Active low risk surveillance Prostate cancer, which implies the immediate abandonment of a treatment, has been multiplied by three since such a "conservative" management had been recommended by an important directive in the United States 5 years ago.
Specifically, the practice of active surveillance or watchful waiting (AS / WW) increased from 14.5% in 2010 to 42% in 2015, when it became the approach the more common for the management of low-risk prostate cancer.
The new figures were published online Feb. 11 in JAMA.

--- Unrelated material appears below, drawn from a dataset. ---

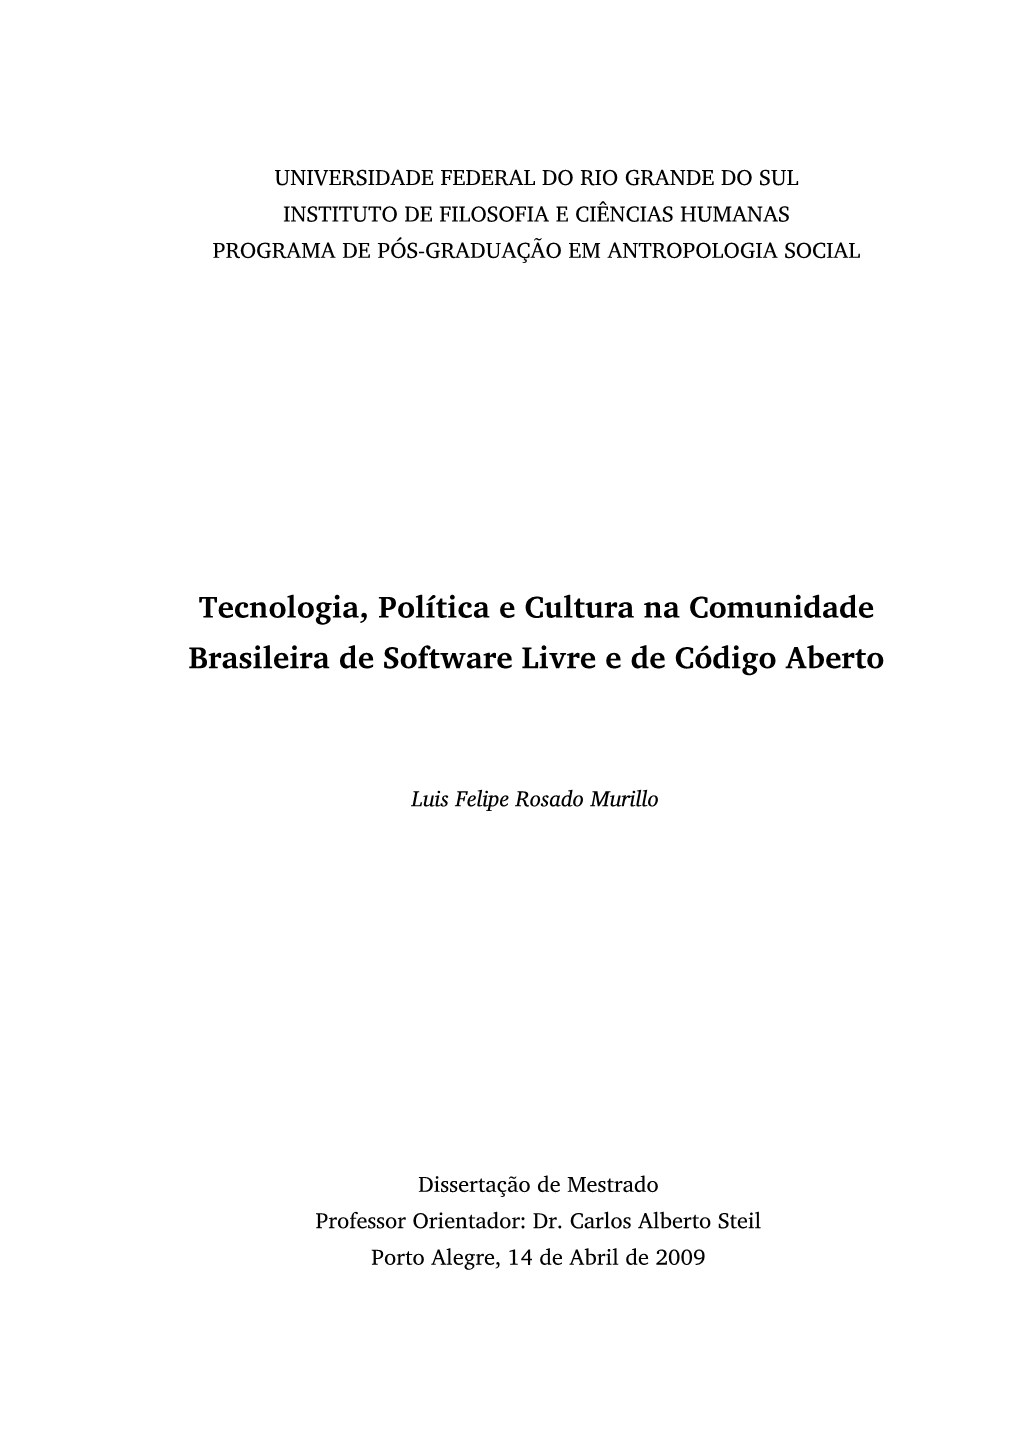 Tecnologia, Política E Cultura Na Comunidade Brasileira De Software Livre E De Código Aberto

The increase in AS / WW over time is "encouraging," said lead author Brandon A. Mahal, MD, a radiation oncologist at the Dana-Farber Cancer Institute in Boston, This "suggests that clinicians better adhere to current guidelines and recommendations," which will reduce over-treatment rates, he told Medscape Medical News.
However, another expert was surprised that the figures reported are so low.
"Despite these positive trends, it is disturbing to note that in 2015, only 42% of low-risk patients were treated conservatively," said Stacy Loeb, MD, urologist at NYU Langone Health in New York, in an email to Medscape Medical News.
Loeb and his colleagues recently reported Much higher rates: 72% of men under age 65 and 79% of men aged 65 and over with low-risk prostate cancer observed in the US Department of Veterans Affairs health system been carefully managed in 2015.
How could two American studies lead to such different results?
Data sources – and what they reflect in terms of treatment parameters – could be the explanation, Mahal and Loeb said.
The new findings are derived from the Active Surveillance Database / Monitored Prostate Watch on Surveillance, Epidemiology and End-of-Life Outcomes (SEER). These patients have been supported in various settings. On the other hand, the Loeb VA study only concerns one health system.
Mahal also pointed out that the VA study included a proxy for AS / WW via administrative codes, but not a validated AS / WW variable, embedded in the custom SEER database.
Loeb nevertheless stressed that the recently reported AS / WW rate was still low, considering what could be achieved.
Other results reinforce his argument. For example, data from the Swedish National Registry of Prostate Cancer shown in 2014, 74% of men with low-risk prostate cancer had been cared for with active surveillance.
Another emerging trend
Mahal and his colleagues, most of whom are also radiation oncologists from Boston institutions, also point to another trend that has emerged from 2010 to 2015 in the United States: for patients with cancer high-risk prostate, management plans have shifted to increased use prostatectomy and far from the use of radiotherapy.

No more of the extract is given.